DAILY MAIL & GUARDIAN April 14, 1999

New World

Melissa, Microsoft and monocultures
JAMAIS CASCIO advises suits and other Hollywood weasels on what could happen over the next hundred years. He worries about being called a futurist.



I

admit it: I am highly amused that a virus named after a topless dancer from Florida managed to bring the Internet to its (figurative) knees. I can be amused, since I wasn't affected by the virus in the least. Unlike the hapless users who found that a list of porn site passwords had been sent from their machines to fifty of their nearest and dearest friends, I'm on a Mac, and I use Word Perfect and Eudora.

Although the press trumpeted Melissa as the worst Internet attack since the Robert Morris Worm, the truth of the matter is that only computers running a particular combination of Microsoft software were vulnerable in any meaningful way. You had to be running Windows and Word 97 and Outlook e-mail. People who weren't running this combination undoubtedly were sitting back wondering what the fuss was all about.

For those of us who pay attention to such things, the fuss was, at its root, about organizations mandating a certain OS, word processor, and e-mail program for all of their users. Turns out that a lot of the places reporting an infestation of Melissa (and its variants) were corporations and government agencies that had enforced a single standard for computing within their confines. Everyone in the company uses the same system, regardless of whether it's the right tool for the job. No platform - or software - diversity allowed.

In biology, a local environment where only a single organism propagates is called a "monoculture". Usually found in agri-business, particularly forestry, monocultures are very efficient and profitable. An entire stand of trees in a "managed forest" will be of consistent size, wood type, even color, minimizing the waste and maximizing the profit from that acreage.

The problem with monocultures is that they are extremely vulnerable to attack. Monoculture stands are identical plants, sometimes even clones, with identical defenses. Unlike a diverse stand of trees, a disease or infestation can rip right through a monoculture, leaving the entire forest worthless and dying. In a diverse stand, diseases and infestations can be stopped when they don't have an immediate host to jump to; in a monoculture, every adjacent tree is a new host, waiting and vulnerable.

The same can be said for computing environments.

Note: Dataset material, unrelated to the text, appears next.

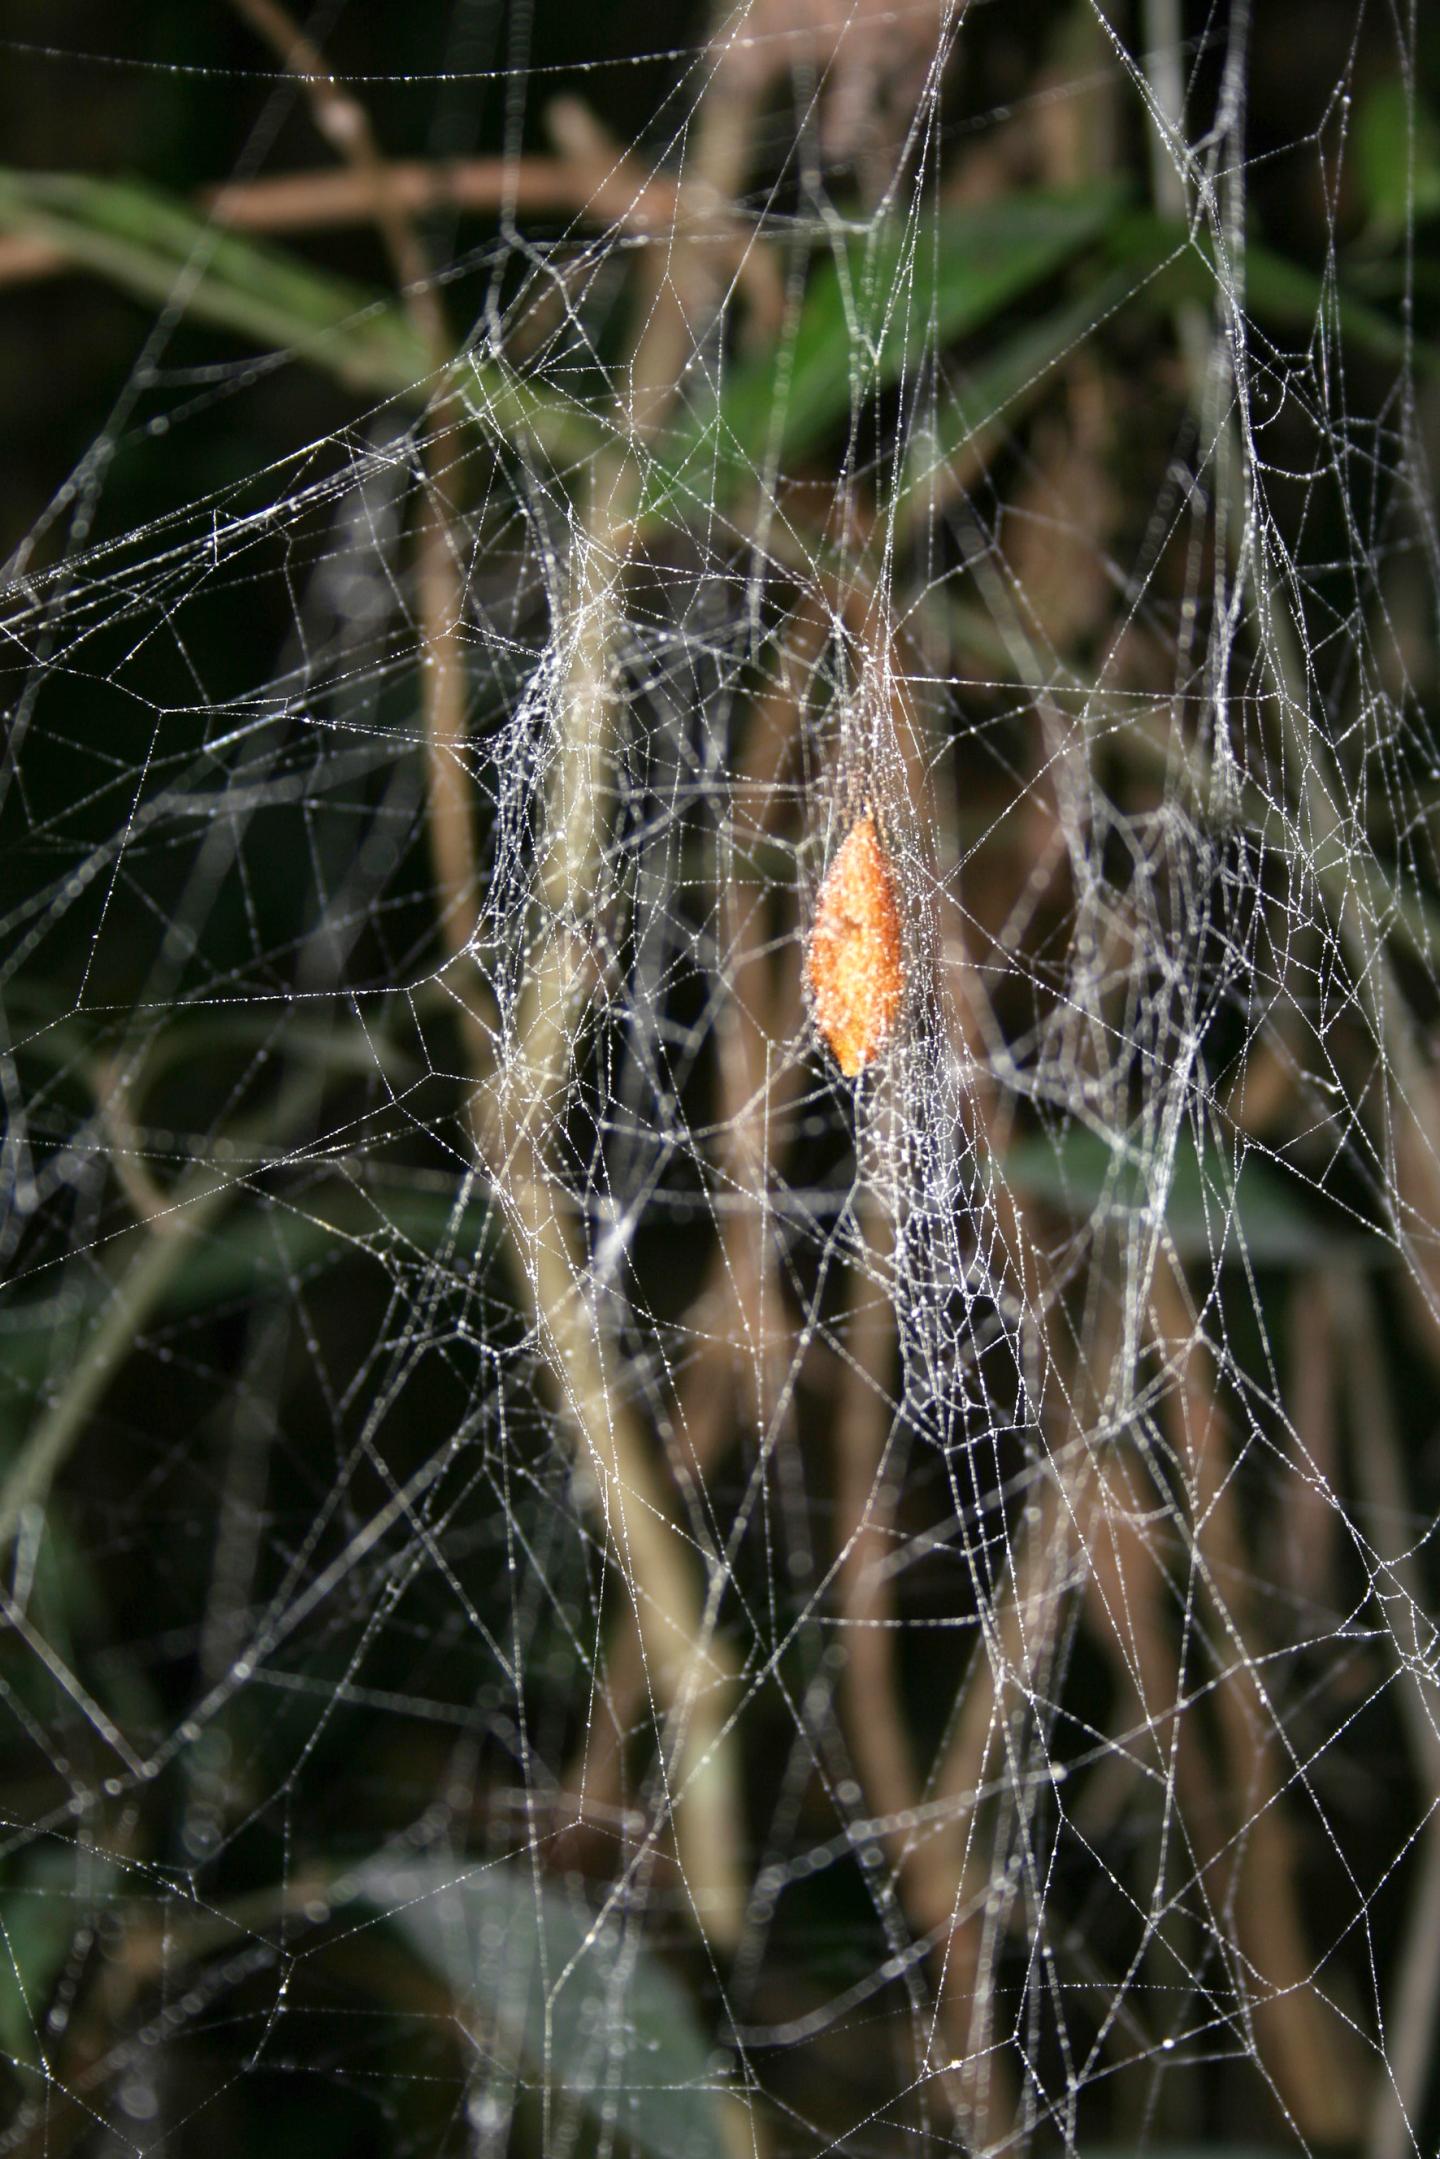 Cocoon Web of <em>Nephila clavipes</em> Attacked by <em>Hymenoepimecia bicolor</em>

Melissa took advantage of the fact that an increasing number of computers run the same set of Microsoft programs. From the virus' perspective, all of these computers had the same "biology", were the same species. As long as the virus got passed from compatible host to compatible host, it could continue to propagate and thrive. The only way it would stop would be if it found itself on a host that wasn't compatible, that didn't have the right set of Microsoft programs. A Mac, for example, or a network using Lotus Notes, or a user with Word 5 instead of Word 97.

Heterogenous environments are safer from infectious attacks because they don't provide a wealth of identical hosts from which to replicate and spread.

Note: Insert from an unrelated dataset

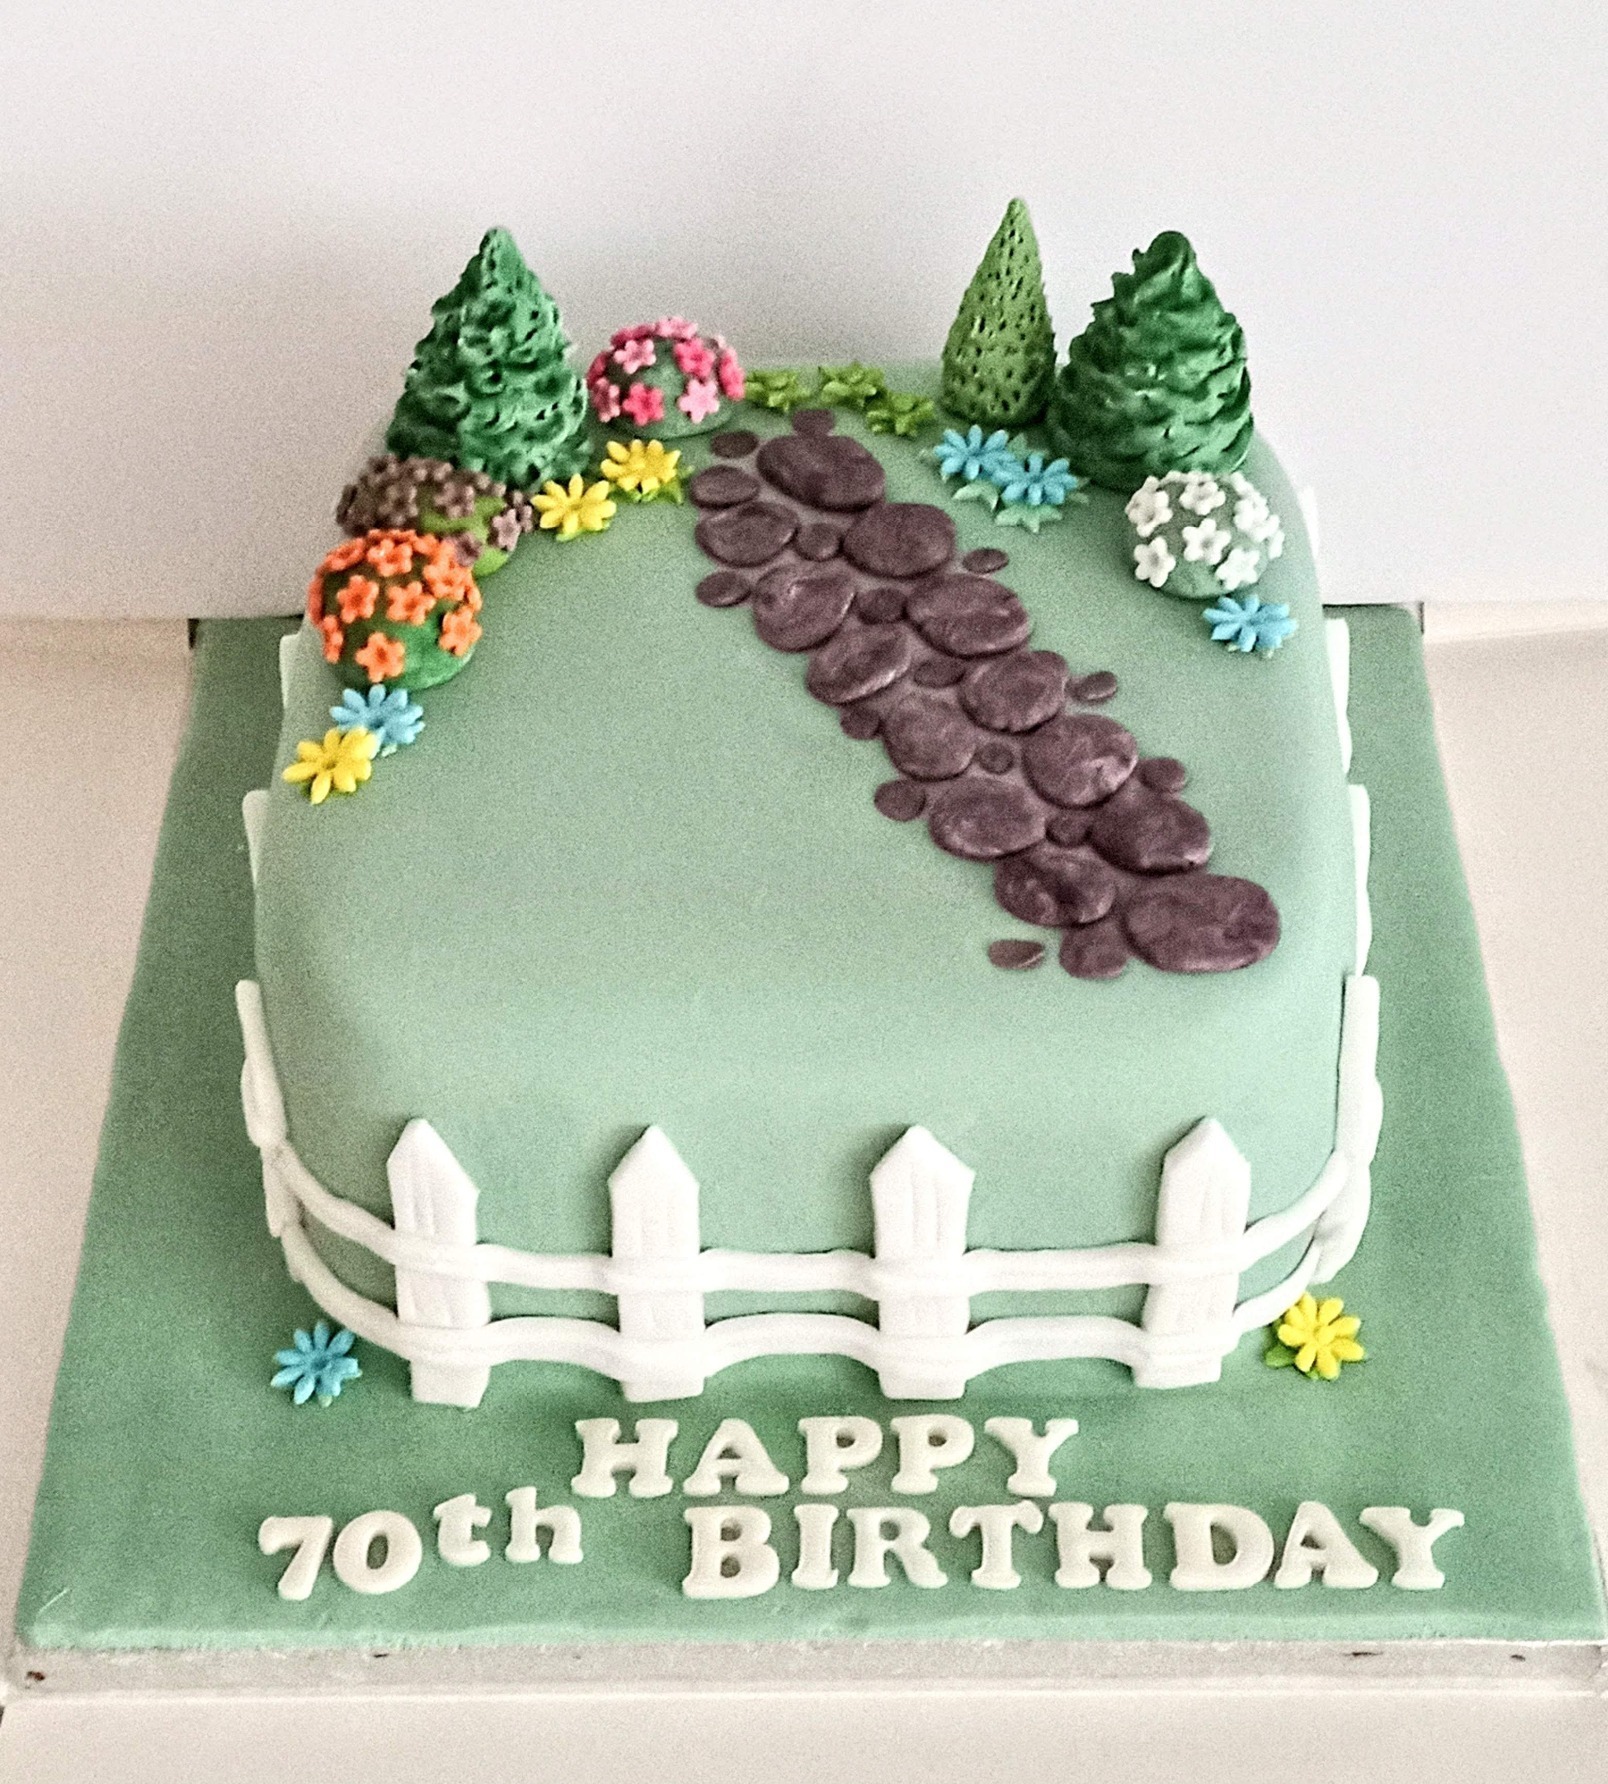 A lovely garden inspired birthday cake

There are very good reasons to standardize on a particular platform or a particular set of applications. It's a more efficient use of tech support time, especially as popular systems become increasingly complex and difficult to support. Standardizing on a given set of programs means not having to worry about incompatible file types. The various deals Microsoft gives to computer manufacturers also comes into play -- why spend money for competing applications if consumers can get this software for "free"?

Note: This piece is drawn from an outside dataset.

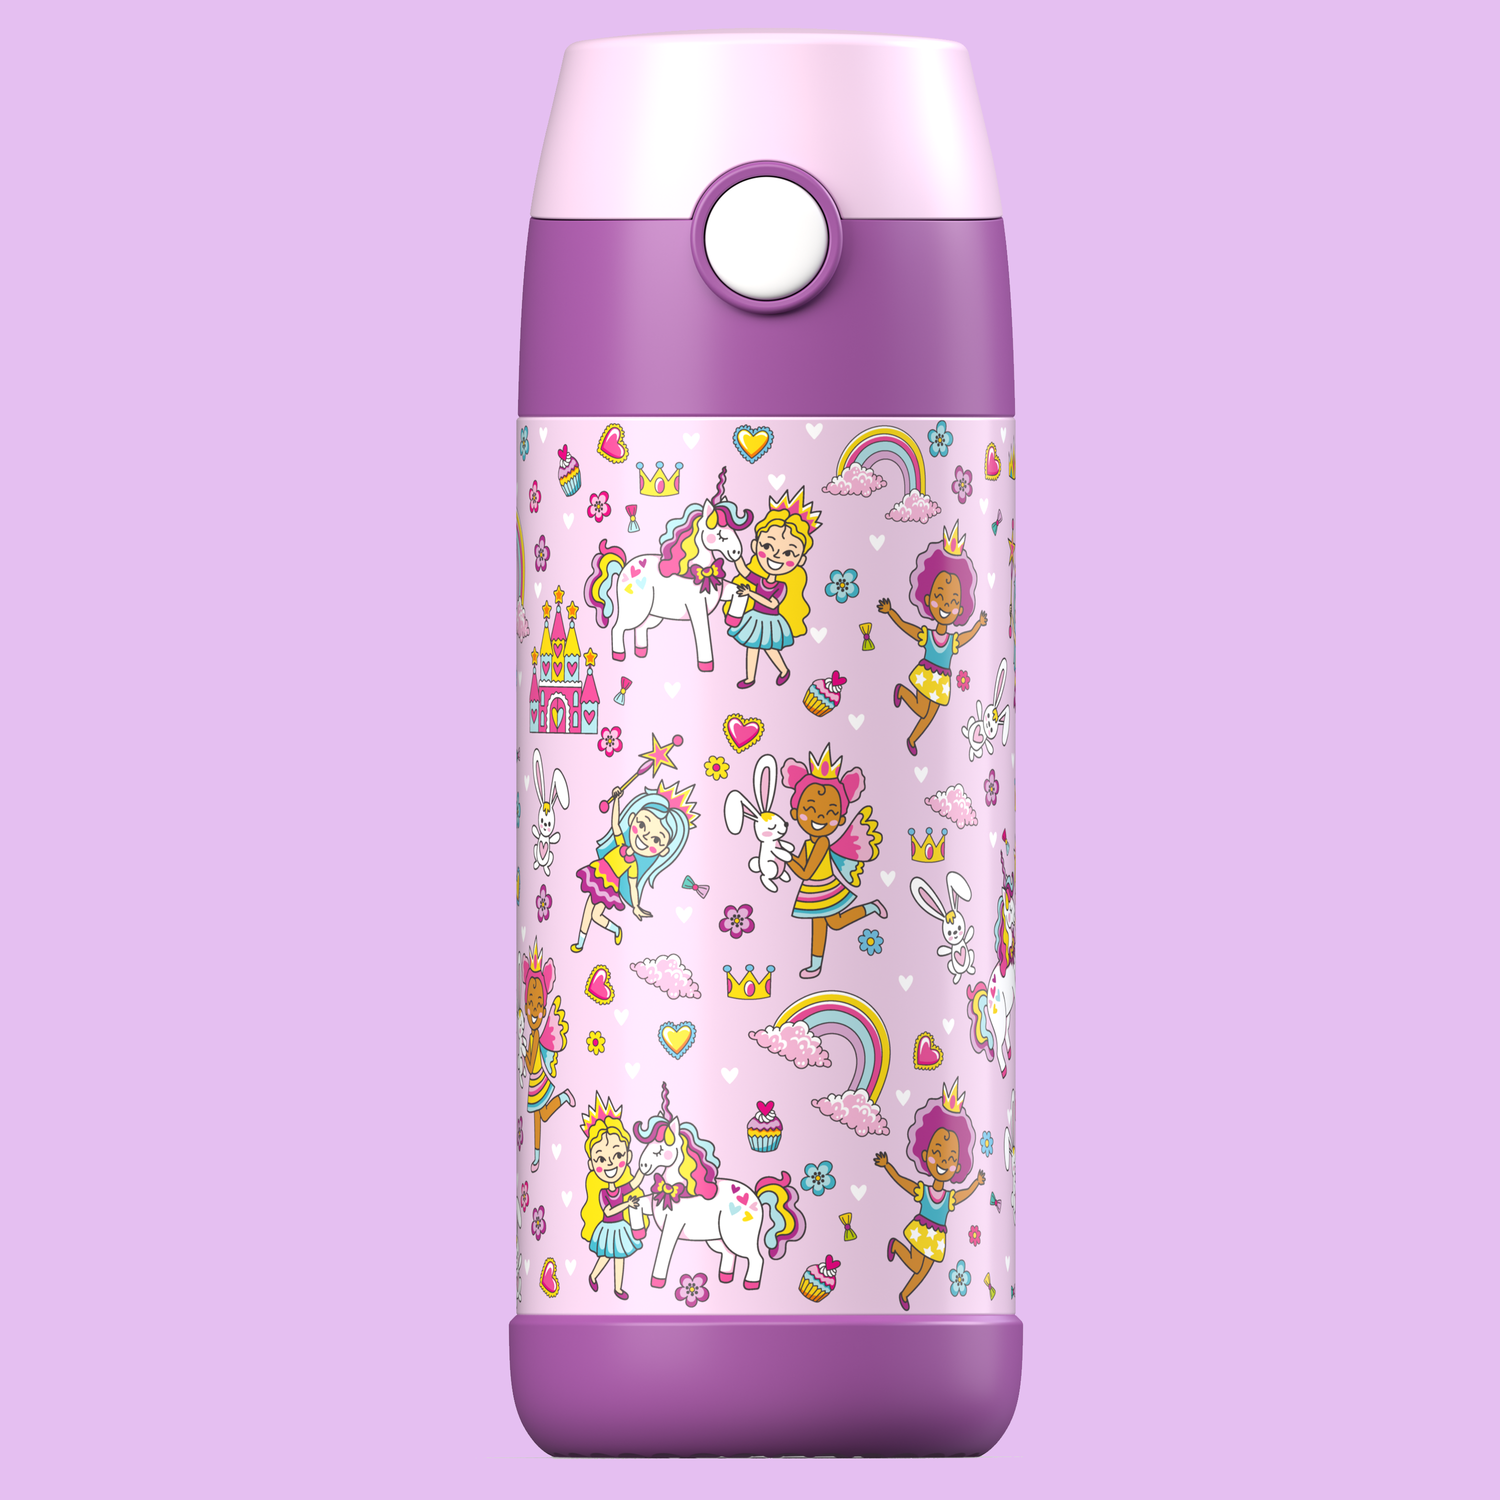 MIKI Trinkflasche – JARLSON Trinkflaschen & Lunchboxen

Add to this the increasingly complex inter-program connections in Microsoft applications. In many situations, the intimate coupling of programming interfaces and dynamic libraries means that applications can work together in a seamless fashion. The problem emerges when this increasing software integration -- reportedly, Windows 2000 will include Outlook as part of the OS -- comes with little or no security. A successful attack on one part of the computer opens up the entire machine, and then the entire network.

The appalling aspect of the Melissa macro virus is not that it got loose, but that it was possible at all. Why is it that a word processing document can grab a copy of your address book and send out copies of itself under your name without you even knowing about it? Why is this situation tolerated?

Lest I be accused of gratuitous Microsoft-bashing, let me quickly acknowledge that an all-Macintosh or all-Unix environment would potentially be just as vulnerable to monoculture attacks as an all-Windows office, if there were the same sort of aggressive development of Mac or Unix viruses.

The reality of the world, however, is that Microsoft has come to dominate a growing set of digital environmental niches. The relentless spread of a single platform, steadily incorporating more and more interrelated "features", marginalizes, pushes out, and finally kills its ecological competition, in turn creating the very monocultures that leave the software vulnerable to subversion. We should not be surprised by the appearance of Melissa. Instead, we should take it as a friendly warning.

© Daily Mail & Guardian - 14 April 1999


* Jamais Cascio is a consultant and writer specializing in scenarios of how we may live over the next century. His clients have included mainstream corporations, film and television producers. He has written for many publications, including Wired and TIME, and is currently working on a screenplay. He is an active member of the oldest and most influential online community, The Well, and believes that new technologies are pushing people into new social, economic and political realms.